- Occupation: State forester
- Known for: Camp Chief of the 2nd World Scout Jamboree

= Jens Hvass =

Danish scout (1898–1996)

Jens Hvass (8. April 1898 - 23. February 1996) served as the Camp Chief of the 2nd World Scout Jamboree, held from August 9 to 17, 1924 at Ermelunden, Denmark, and was later a state forester and Divisional Scout Commissioner in Rold Skov, North Jutland, where a jamboree-square can still be found near the Great Økssø.

He was a brother of Danish diplomat Frants Hvass (April 29, 1896 in Copenhagen - 21 December 1982 in Copenhagen) and Danish naturalist Hans Hvass (February 15, 1902 in Copenhagen - March 4, 1990 in Frederiksberg).

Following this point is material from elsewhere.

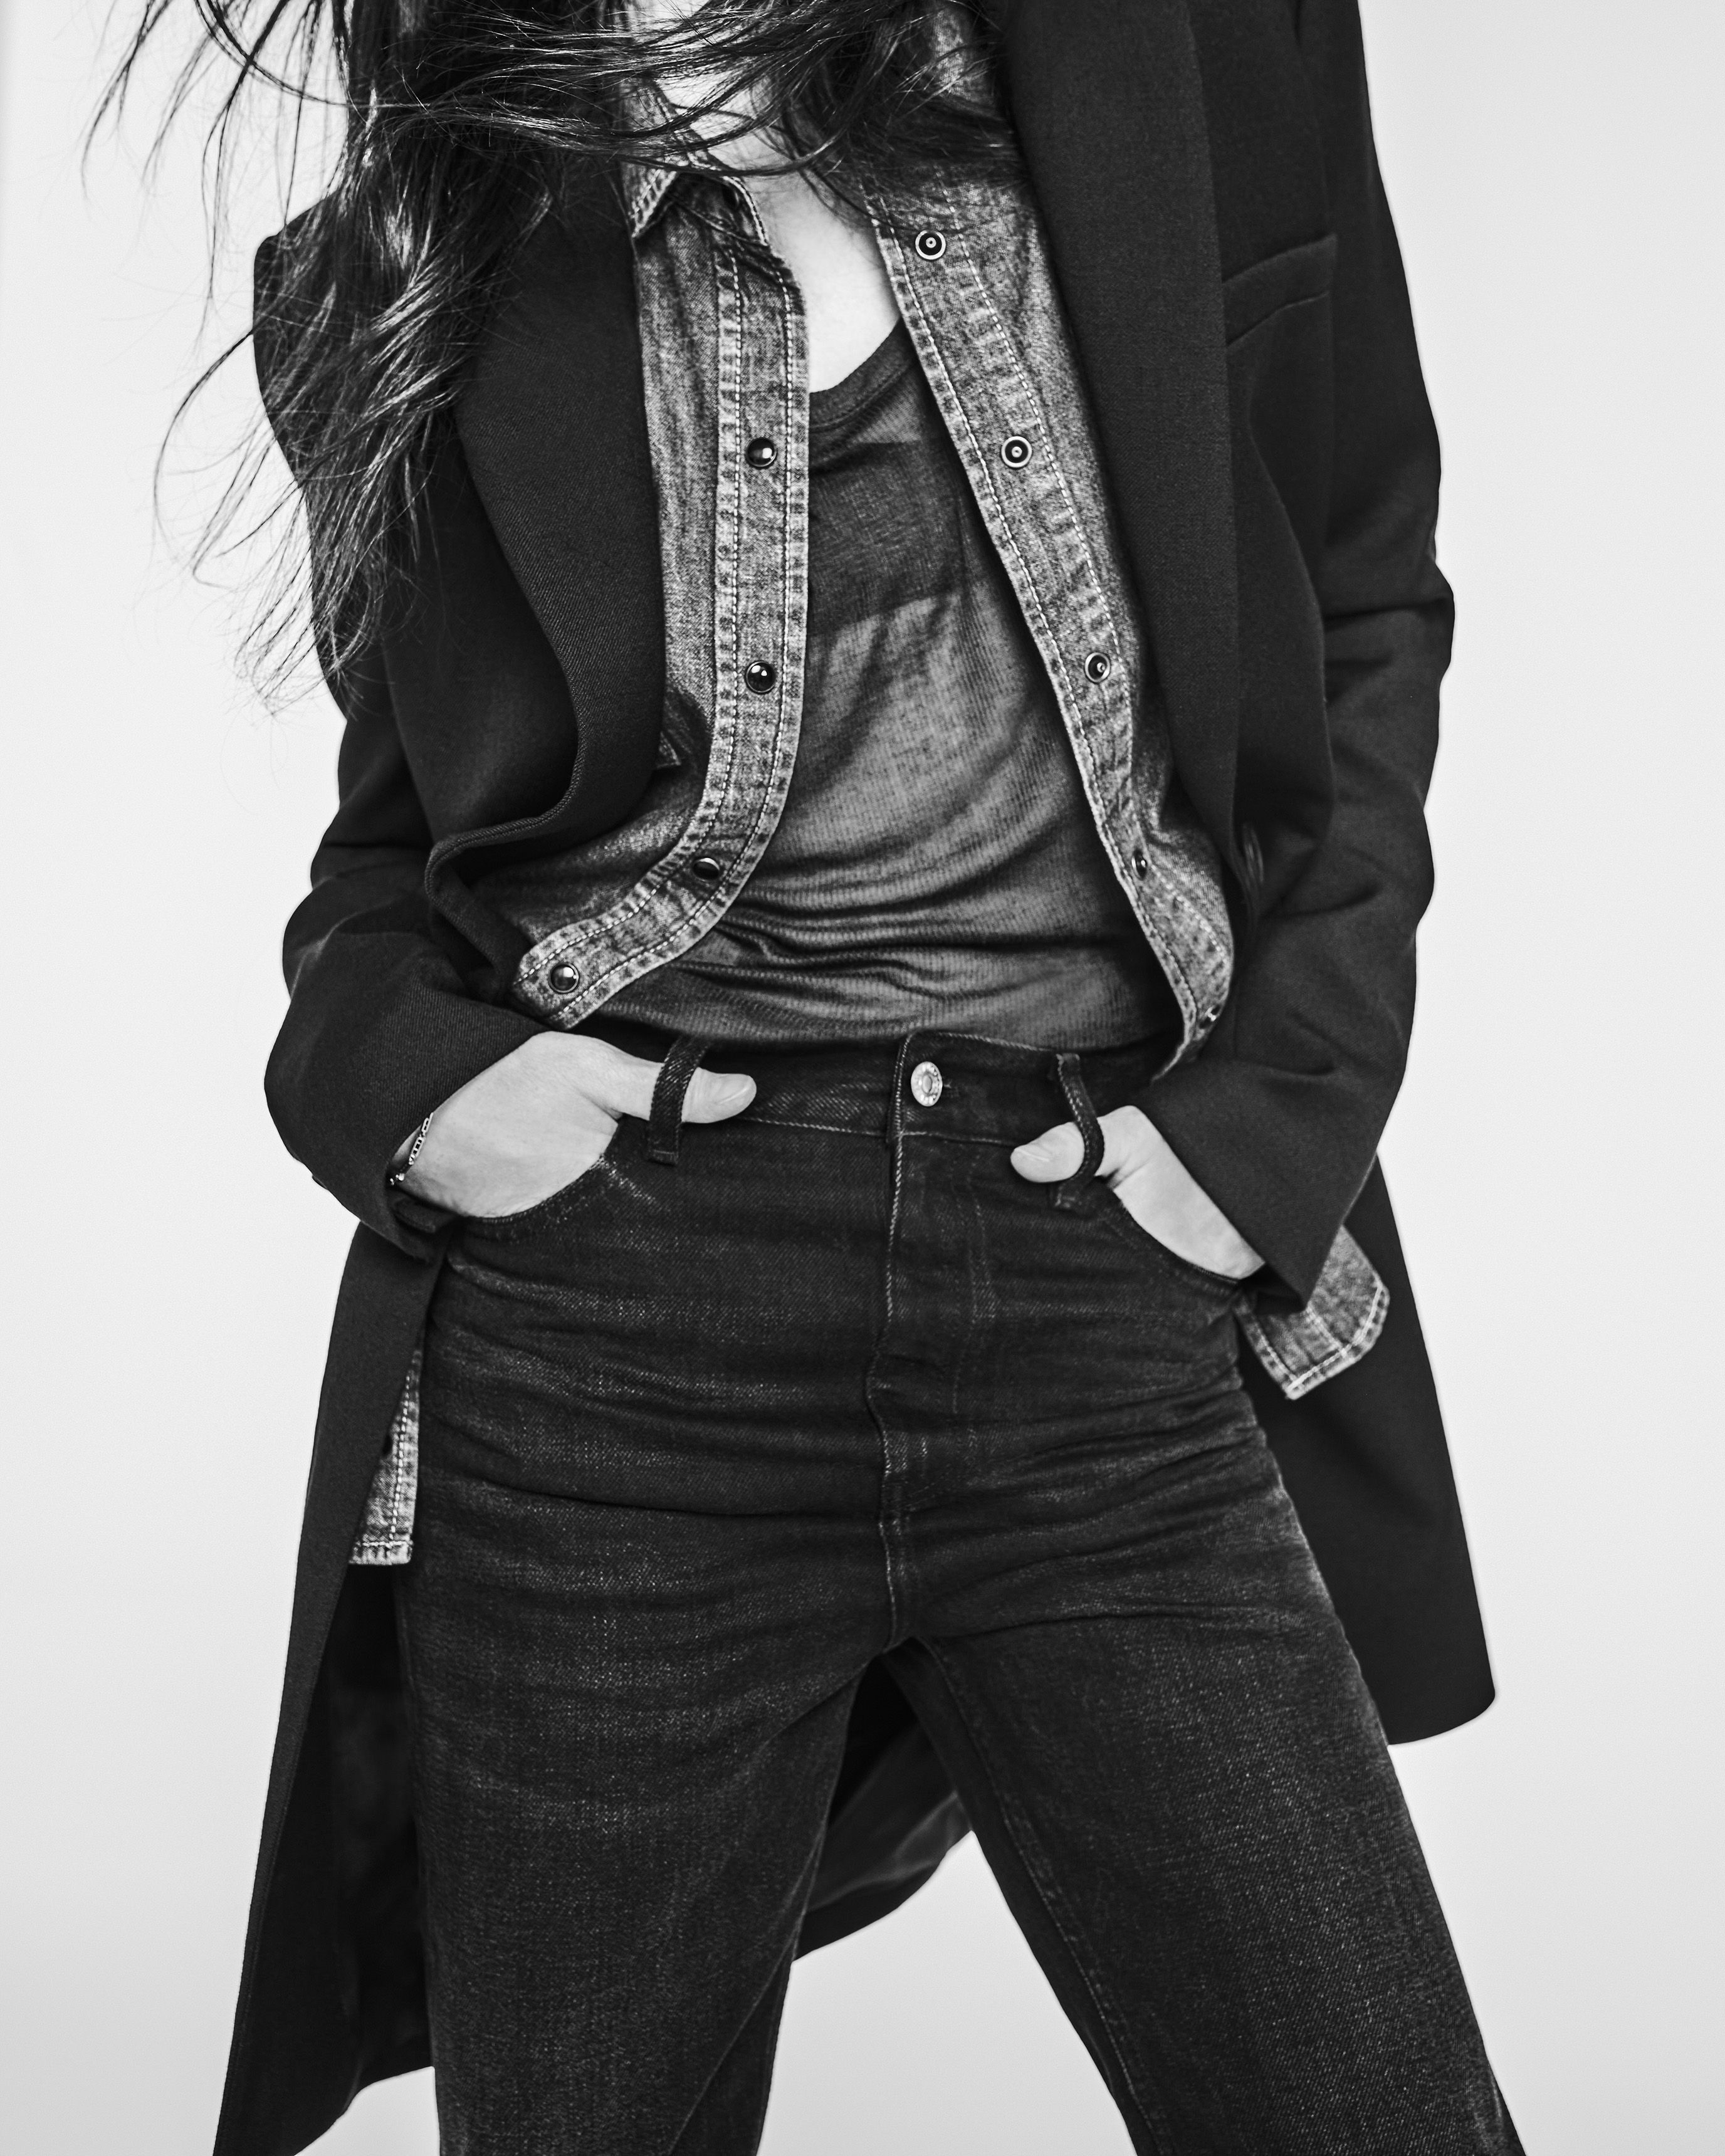 Zara women black cigarette pants trousers size EU 36 | eBay

== 2nd World Scout Jamboree ==
Denmark has a comparatively small Scout population and doubts were expressed beforehand as to whether it would be possible for the Danish Scouts to make a success of the undertaking. The main host was Christian Holm, President of Det Danske Spejderkorps, whose daughter became known as Kim, Friend of all the World. The three Scouters responsible for the preparation, organization and administration were very young men, but they made a success of the Jamboree. Ove Holm, later to become Chief Scout of Det Danske Spejderkorps, was the Organizing Secretary and Administrator, Jens Hvass, later a state forester and Divisional Scout Commissioner in North Jutland, was the Camp Chief, and Tage Carstensen, later a lawyer in Jutland, International Commissioner and founder of the Scout Blood Transfusion Service, was in charge of all international aspects.

== Later life ==
The previous state forester's initiative was continued in the 1940s by new state forester Hvass. He planted small clusters of large, exotic trees, and over the next 30 years Hvass planted the area with over 100 different trees and shrubs from all over the Northern Hemisphere. Hvass had been away from the admonitions of his superiors for years, and by the inauguration in 1970, the entire project was completed without management's knowledge.

During World War II Hvass saved many people, and after 1945 he devoted himself to the restoration of Scouting in several countries. He spread the idea of Jamborette and was awarded the Bronze Wolf, the only distinction of the World Organization of the Scout Movement, awarded by the World Scout Committee for exceptional services to world Scouting, in 1957.